Work instruction
Write back, word for word, the lines from the one containing "Principality of monaco" to the end of the listing below. Include nothing else, and no pictures.

Material provided
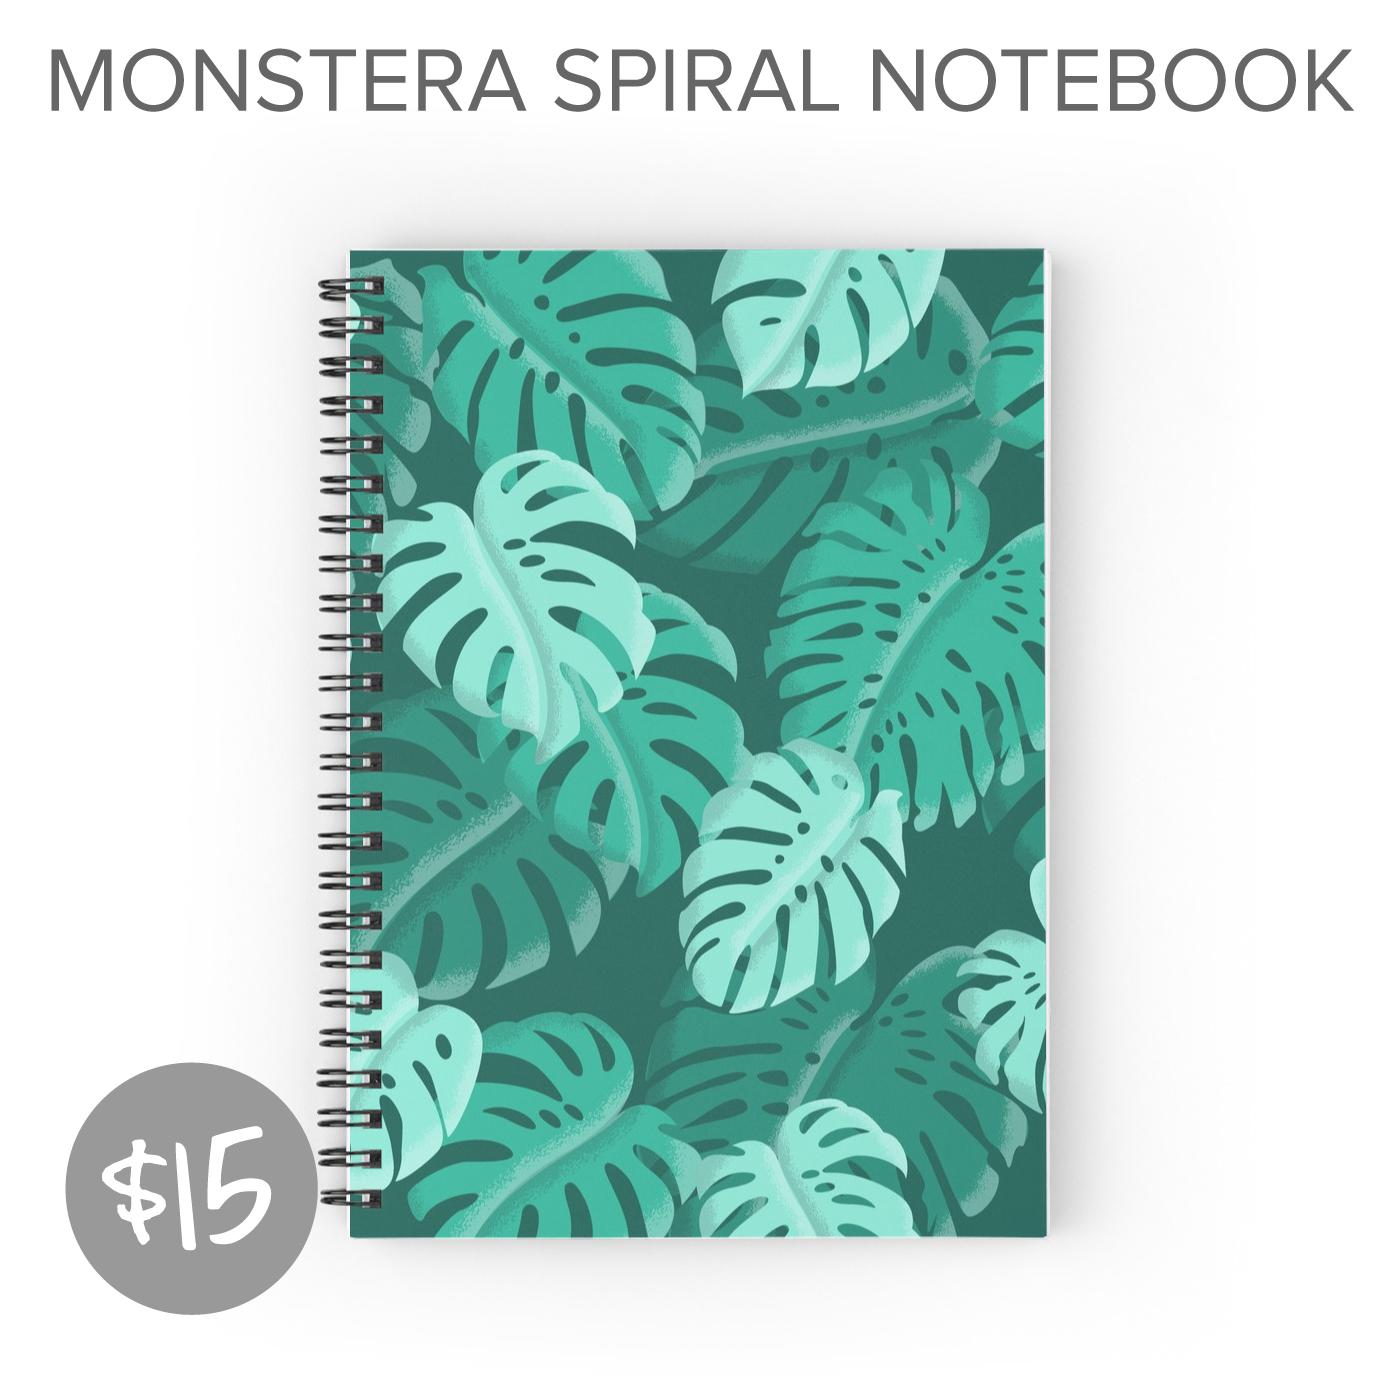 MONSTERA-SPIRAL-NOTEBOOK-2.jpg
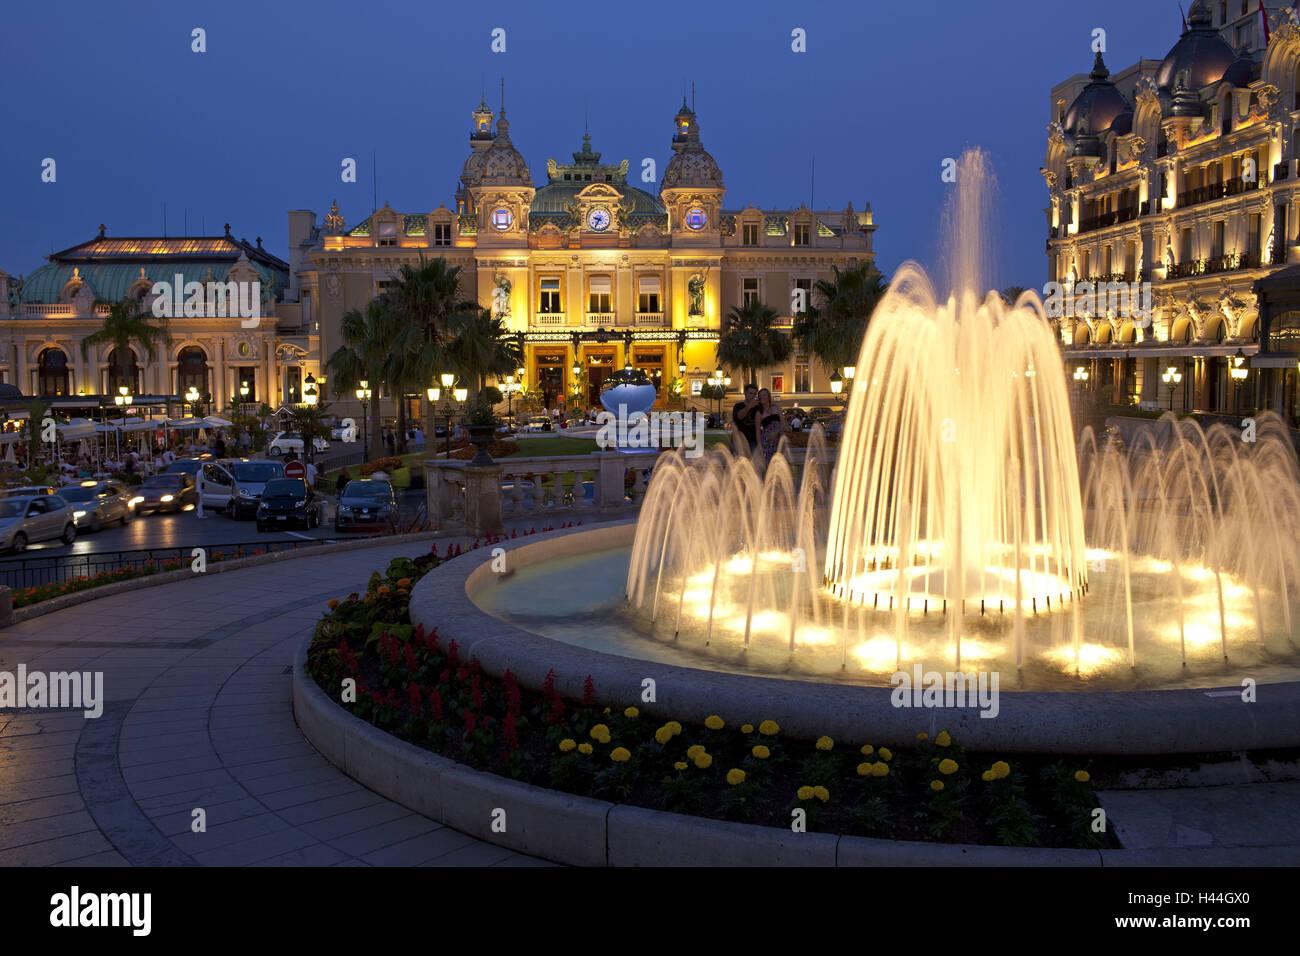 Principality of monaco casinos gaint vegas casino
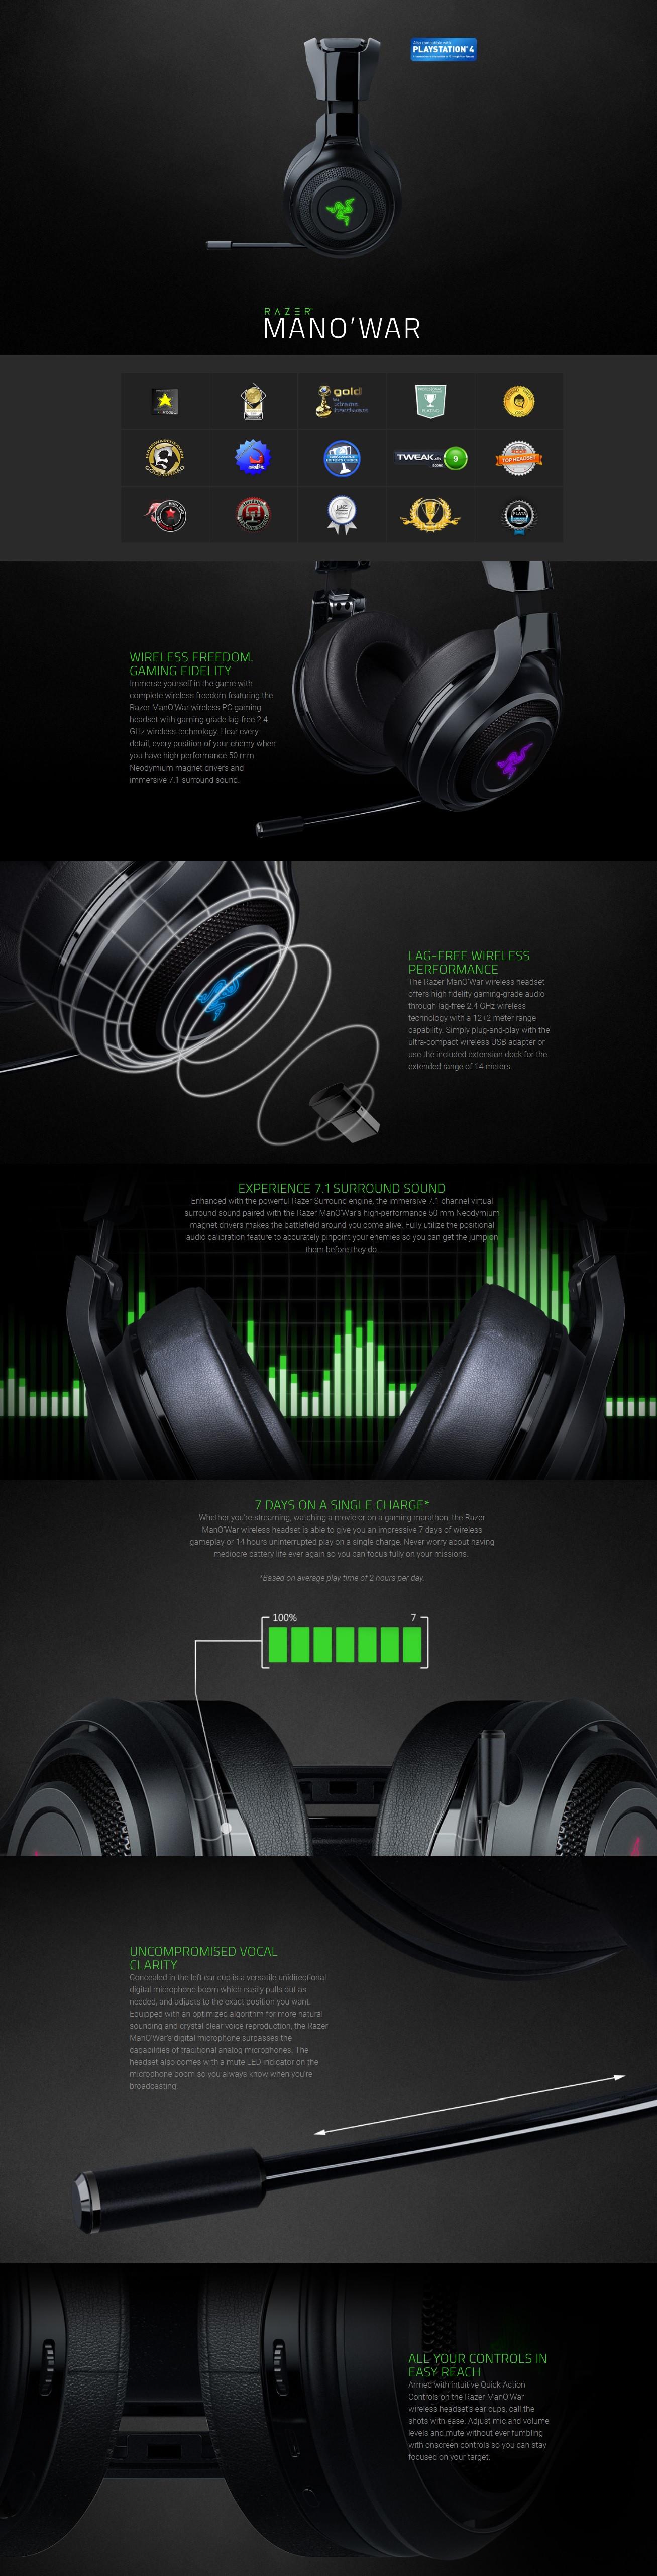 Razer ManO'War Wireless Gaming Headset (RZ04-01490100-R3U1)

Task output
 Principality of monaco casinos gaint vegas casino
 Razer ManO'War Wireless Gaming Headset (RZ04-01490100-R3U1)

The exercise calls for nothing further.